Write out the data below in full, unchanged, minus the images.

## [DATASET SECTION]

□ □ □ □ □ □ □

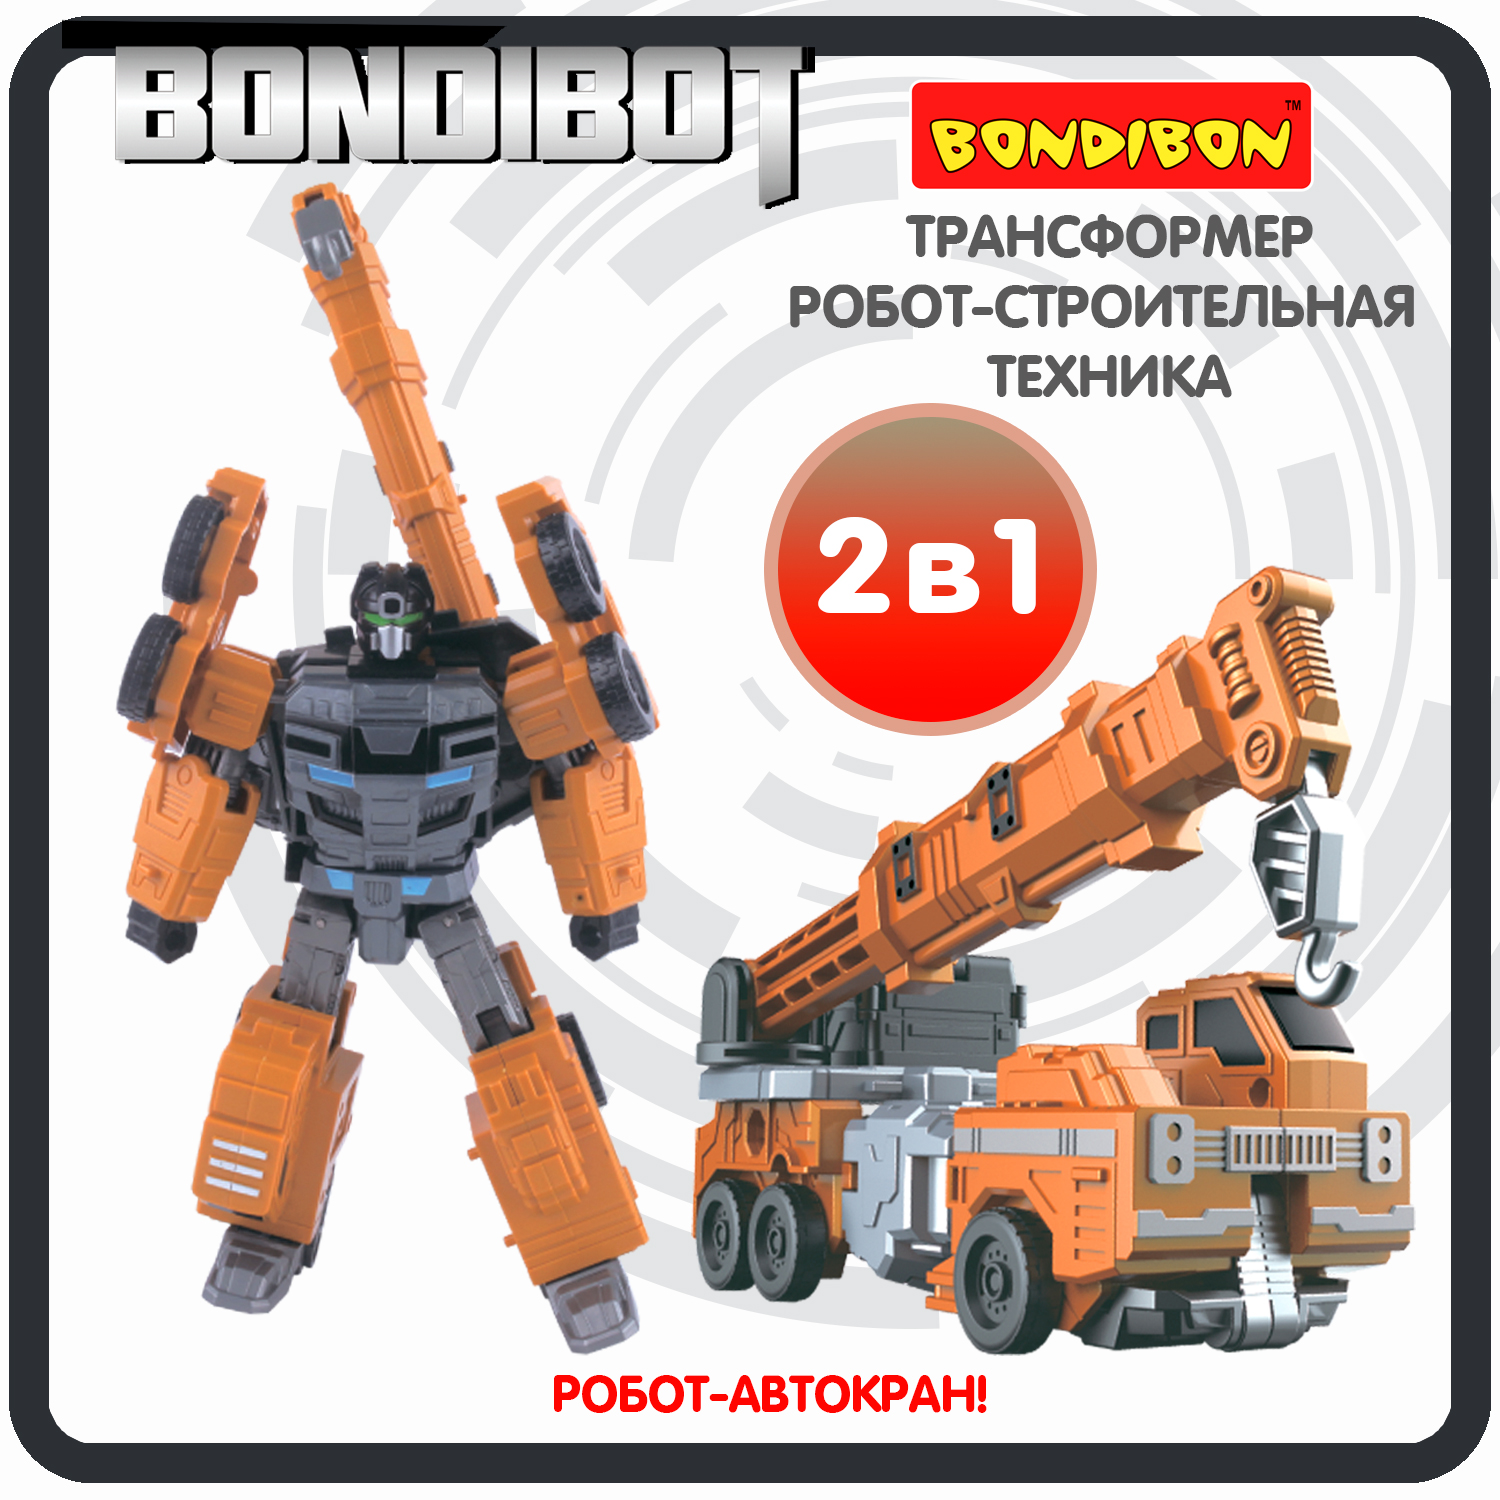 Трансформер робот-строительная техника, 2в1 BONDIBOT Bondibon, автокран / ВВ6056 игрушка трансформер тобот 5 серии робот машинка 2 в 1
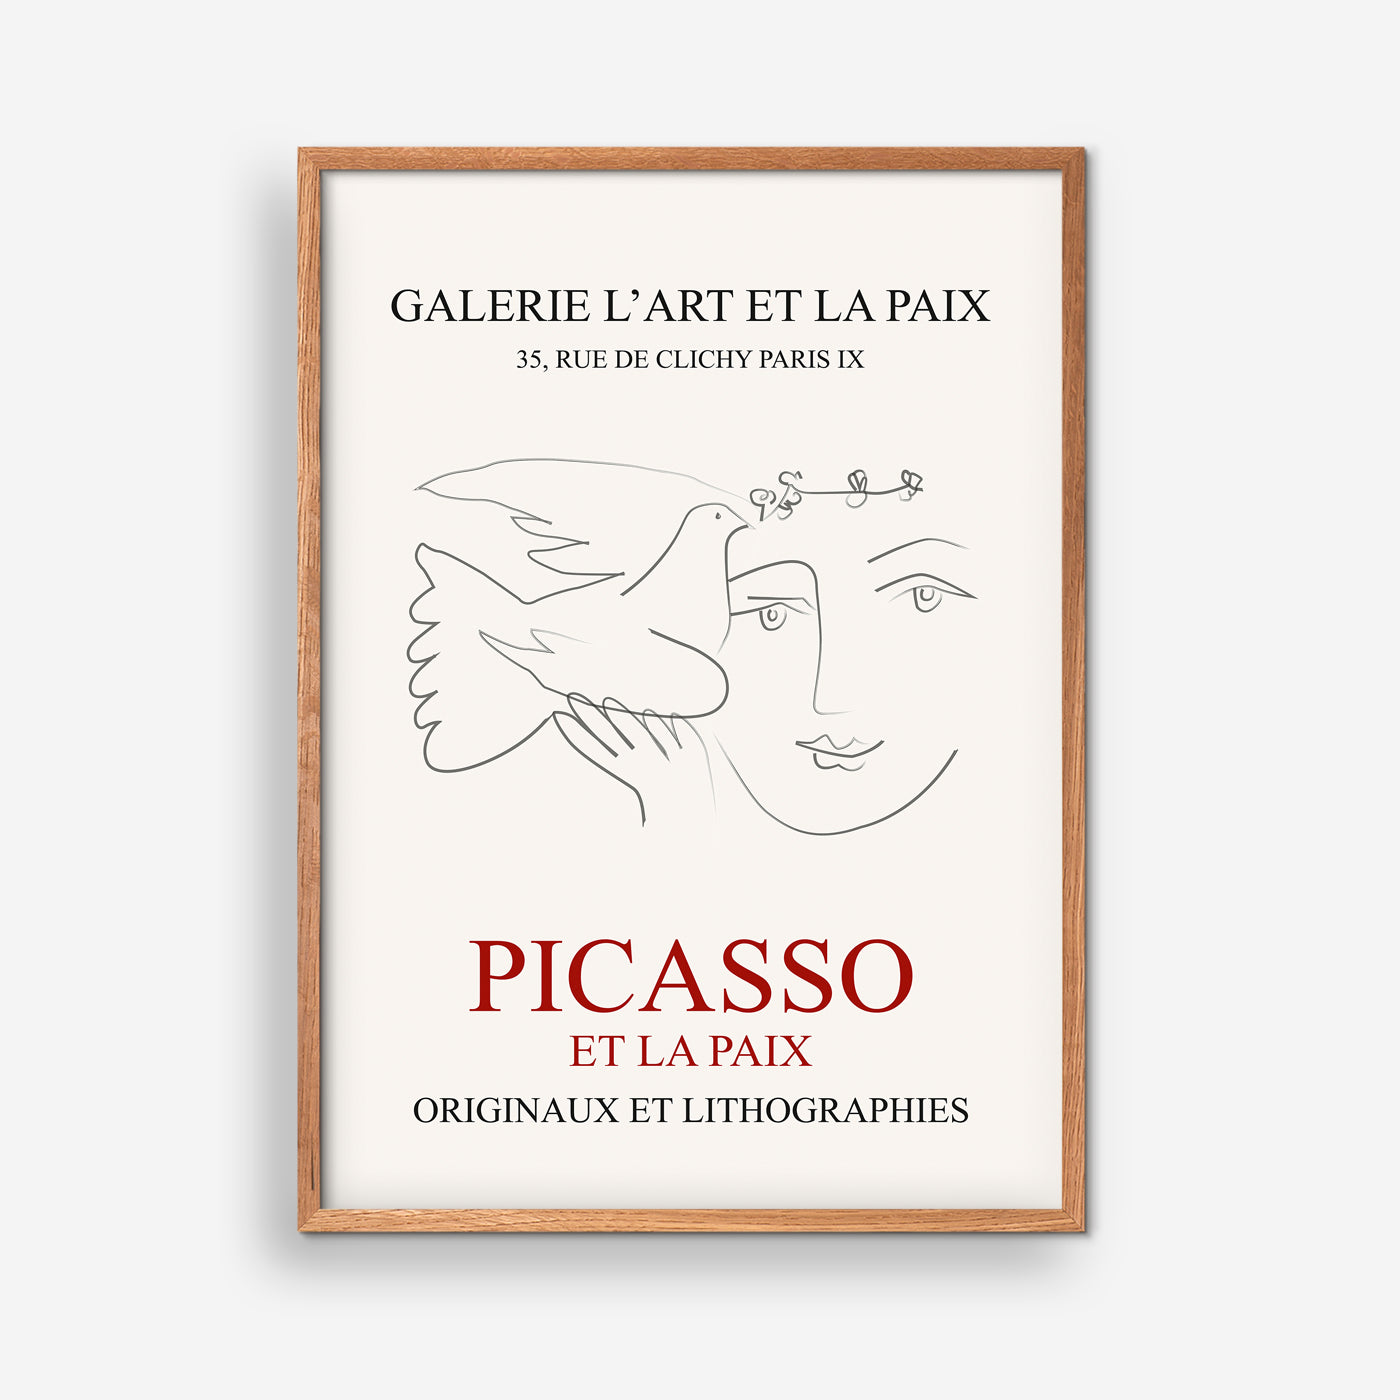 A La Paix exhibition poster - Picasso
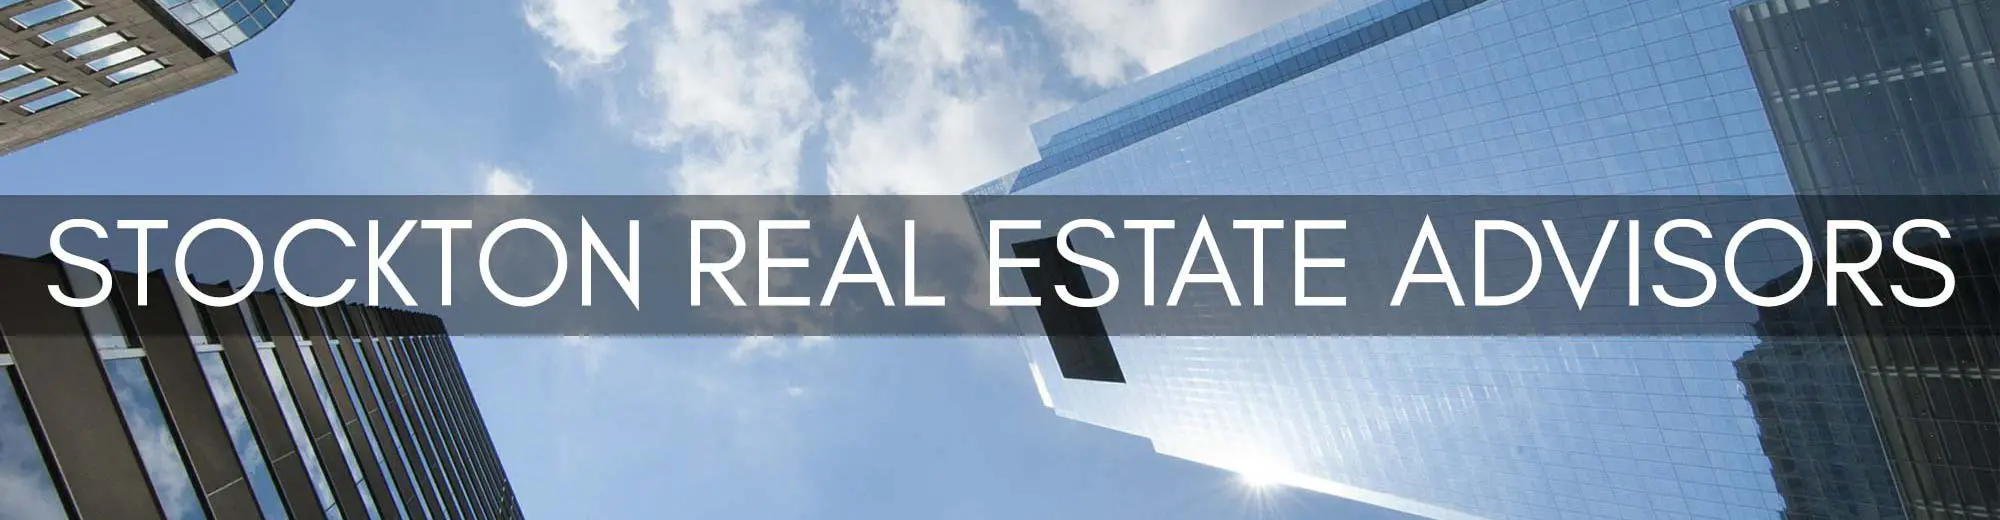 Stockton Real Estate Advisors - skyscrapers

□ □ □ □ □ □ □

## [YOUR SOLUTION]
 Трансформер робот-строительная техника, 2в1 BONDIBOT Bondibon, автокран / ВВ6056 игрушка трансформер тобот 5 серии робот машинка 2 в 1
 A La Paix exhibition poster - Picasso
 Stockton Real Estate Advisors - skyscrapers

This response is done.